Gegenstand vorliegender Erfindung betrifft ein lenkbares Luftschiff aus zwei oder mehreren starr miteinander verbundenen Ballons mit starrer Metallhülle. Die Erfindung besteht insbesondere in der Schaffung zweier Kammern in den Ballonspitzen von veränderlichem Volumen, sowie in der Ausgestaltung der starren Ballonhülle und dei Einrichtung zum Austreiben der atmosphärischen Luft und zu deren Ersatz durch ein spezifisch leichteres Gas, z. B. Wasserstoff, nach dem bekannten Verfahren, welches darin besteht, dass zuerst ein Sack oder Schlauch im Ballon aufgeblasen und hiedurch die Luft aus dem Ballon ausgetrieben wird, wonach unter gleichzeitiger Entleerung und eventueller Entfernung des Sackes oder Schlauches das Gas in den Ballon eingeleitet wird.
Auf der Zeichnung ist das Luftschiff in einer Ausführungsform als Doppelballon dargestellt.
Fig. 1 ist eine Draufsicht, Fig. 2 eine Seitenansicht, Fig. 3 eine Draufsicht auf den mittleren Teil der beiden gekuppelten Ballons, in vergrössertem Massstabe, nebst Plattform und ihren Verbindungsteilen mit den Ballons, Fig. 4 ist ein Schnitt nach Linie A-A von Fig. 3, Fig. 5 ein Schnitt nach Linie B-B von Fig. 3, Fig. 6 ein Schnitt nach Linie C-C von Fig. 1, Fig. 7 ist eine Draufsicht auf eine der Endplattformen und ihrer Verbindung mit den Ballonkörpern, Fig. 8 ist ein senkrechter Schmtt nach Linie D-D.

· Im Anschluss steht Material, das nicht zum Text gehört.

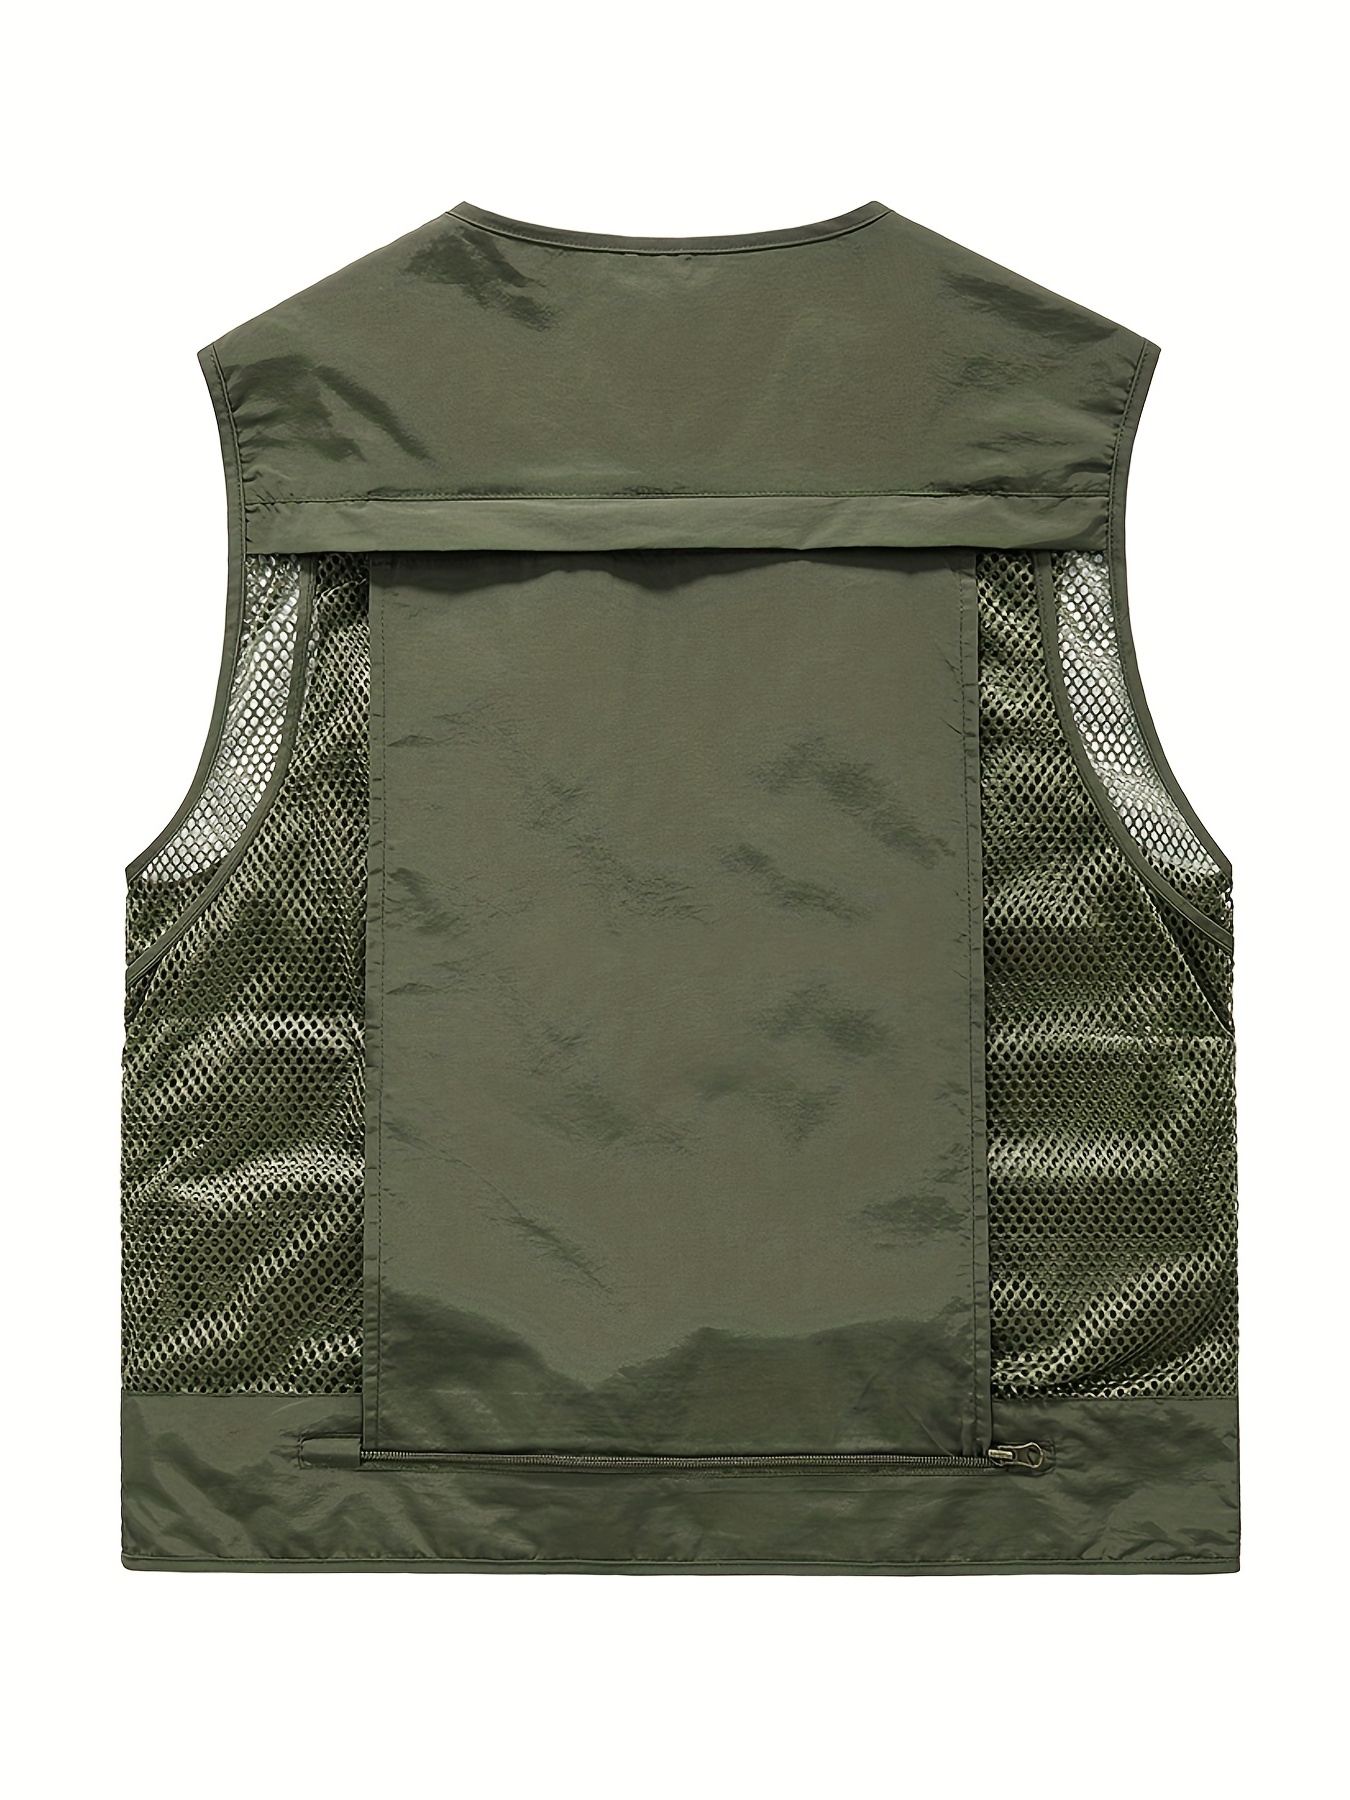 Mens Hooded Mesh Multiple Pockets Traveling Vest Army Green XL

Die Fig. 9 und 10 sind seitliche Ansichten der Enden der beiden Ballons, Fig. 11 ist eine Stirnansicht, Fig. 12 eine Oberansicht und Fig. 13 eine Unteransicht eines abnehmbaren Luftverdrängungsbeutels in der Ruhelage ; Fig. 14 ist eine Unteransicht desselben, Fig. 15 ist ein Querschnitt durch eine der starren Ballonhüllen in vergrössertem Massstabe, woraus gleichzeitig der Vorgang der Verdrängung der atmosphärischen Luft ersichtlich ist. Fig. 16 zeigt im Schnitt eine AustrittsöSnung nebst Verschluss an der Unterseite des Ballonkörpers, Fig. 17 ist ein senkrechter Schnitt durch das zugespitzte Ende eines der beiden Ballons. Die Fig. 18 und 19 sind Querschnitte entsprechend Linien E-E und F-F von Fig. 17.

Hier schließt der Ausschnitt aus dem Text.